In washoku cuisine, putting on a chef uniform is not just a formality; it’s an essential tradition. Paying attention to even the smallest details, such as the way one ties an apron, holds significance. A hallmark of a skilled chef is not only their culinary expertise but also their ability to wear their uniform with style and grace. Emphasizing a professional appearance and grooming is very important, serving as the foundation for a chef’s credibility and respect.
Day 1 started with the meticulous preparation of sushi rice. Under the expert guidance of our instructor, Jordy was introduced to the intricacies of this essential element of sushi. The instructor provided thorough demonstrations, walking Jordy through each step with precision and clarity. With the instructions given on Day 1, Jordy eagerly anticipated taking on the preparation process himself, under the continued guidance of our instructor, starting the next day. Once the rice is cooked, it needs to be stirred and seasoned with vinegar. The key to crafting top-quality sushi rice lies in evenly distributing the vinegar throughout the rice and swiftly stirring it, taking care not to mash the individual grains. Additionally, it’s crucial to taste-test the rice daily to maintain a consistent flavor profile, especially considering fluctuations in temperature and humidity from day to day.
Then Jordy worked alongside the instructor, carefully and swiftly preparing shrimps for sushi. They focused on mastering key points and techniques crucial to the art of sushi-making.
Next up was the practice of crafting nigiri.

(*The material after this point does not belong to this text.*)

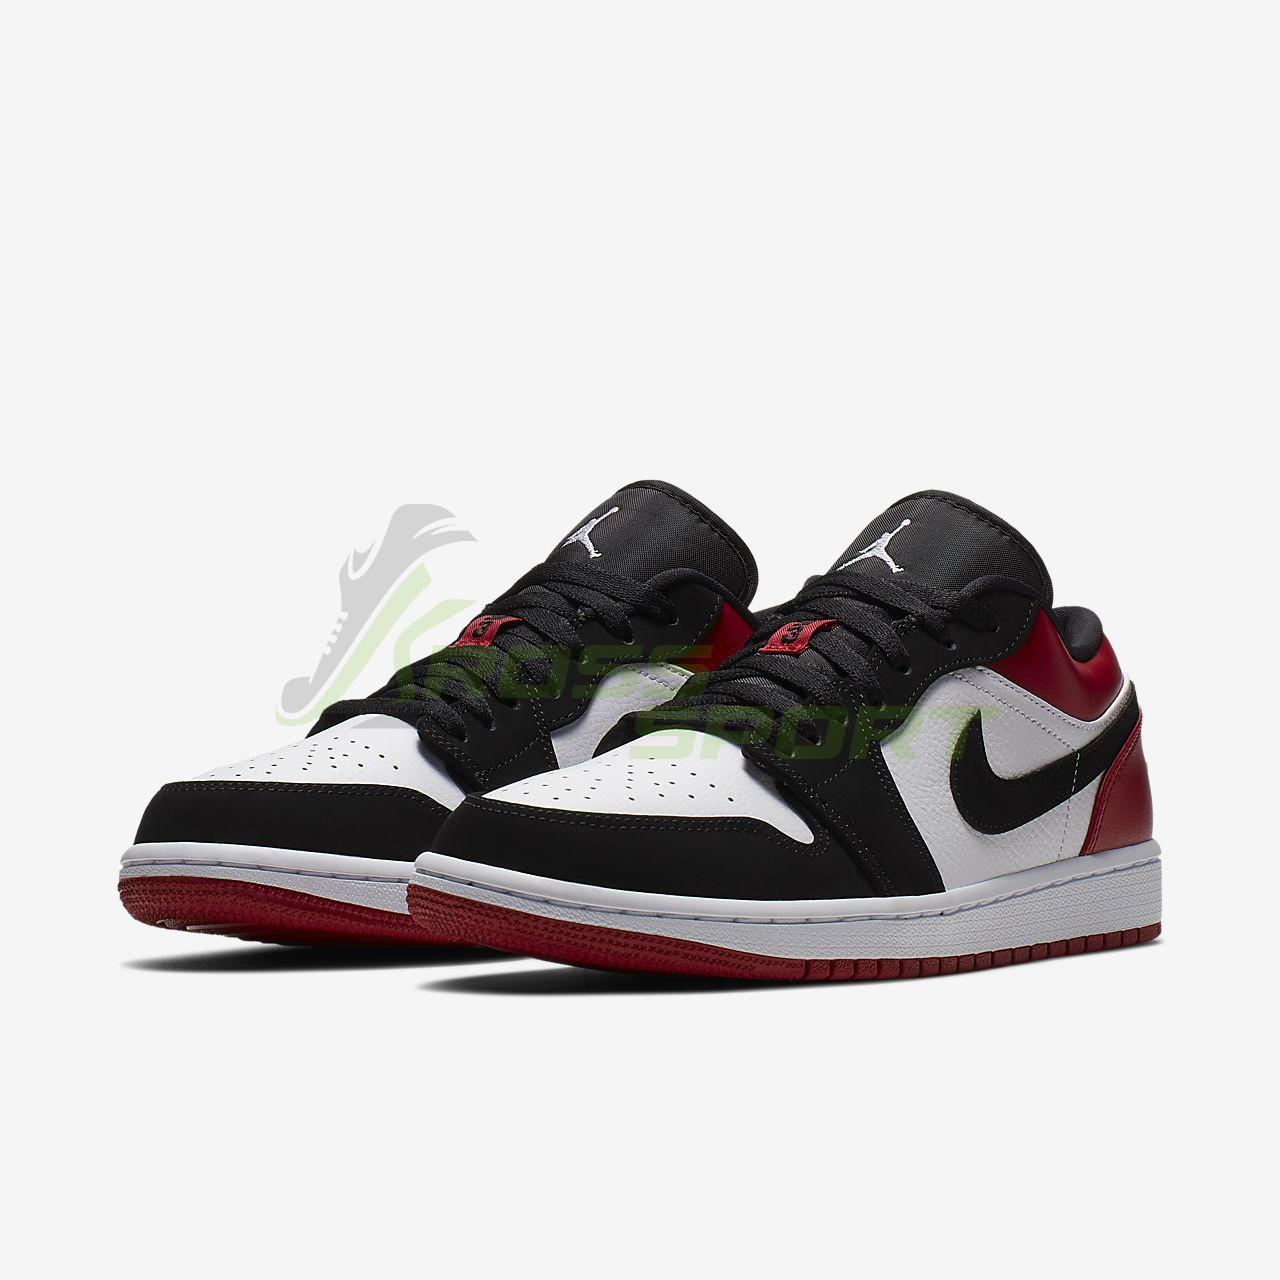  Nike Air Jordan 1 Retro "Black Toe" Low Black/White/Red
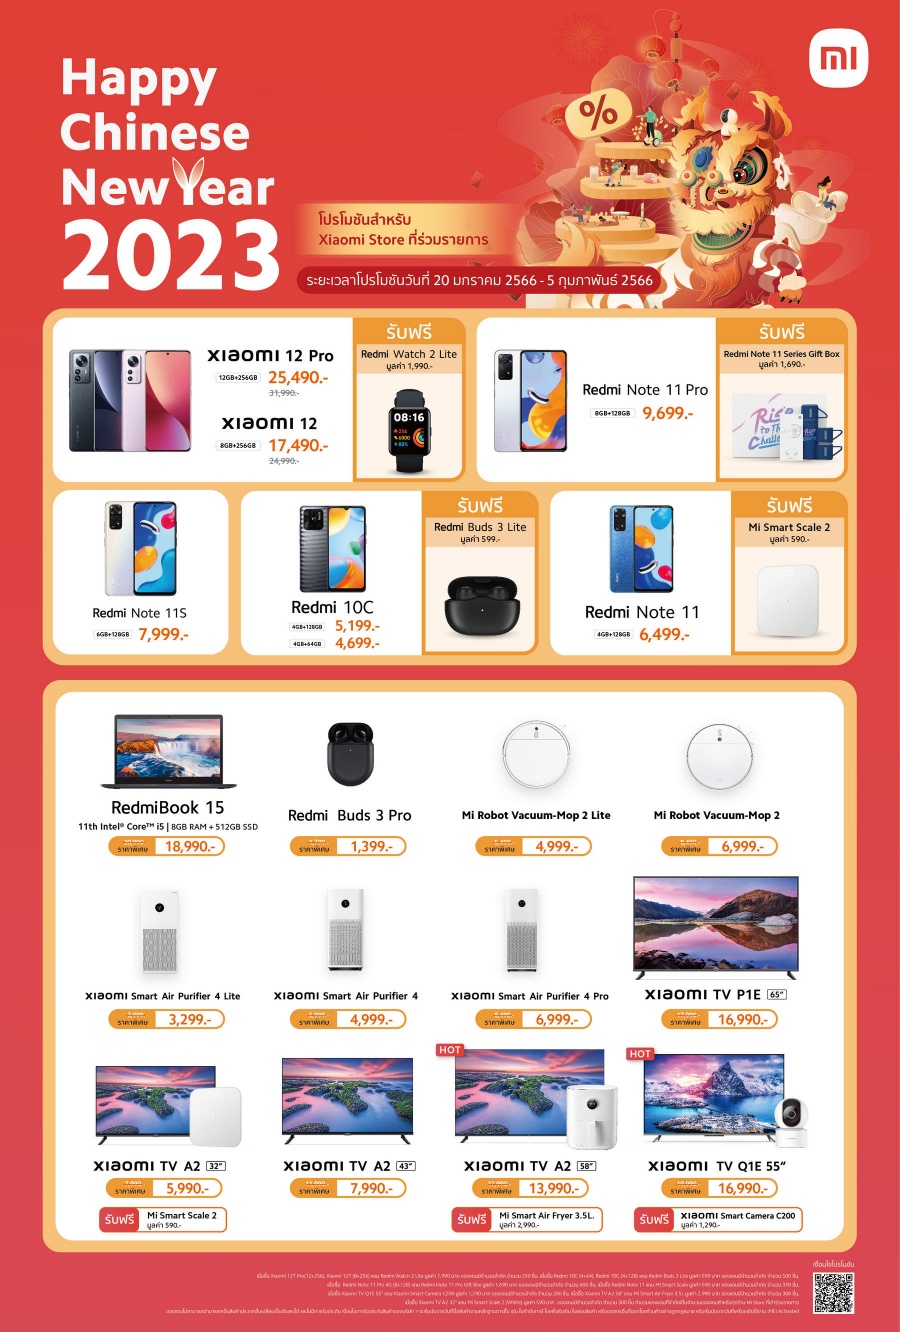 Xiaomi ต้อนรับต้นปี 2023 ด้วยโปรโมชัน Chinese New Year พบราคาพิเศษจากสมาร์ทโฟนและผลิตภัณฑ์ AIoT มากมาย

Jordy received advice from the instructor on how gently and slowly he should handle the sushi rice to shape it perfectly. Although he admitted to having limited experience in crafting nigiri, he demonstrated a natural talent, shaping the sushi rice without excessively wetting his hands or encountering issues with rice sticking on his hands. We eagerly anticipated witnessing his progress over the remaining four days.
Day 1 concluded with a brief lecture on ‘hosomaki’ (thin sushi rolls), setting the stage for an intensive practice session the following day. Although Jordy may have felt a bit tense on the first day, he would become more relaxed and fully enjoy delving into the techniques and key points in the days to come.
After the lesson, Chef Obata, the instructor of FZWC’s Izakaya Course in Yokohama, and the Wa Sweets Course, surprised Jordy with a birthday fruit and sweets plate, as he had celebrated his birthday the previous week!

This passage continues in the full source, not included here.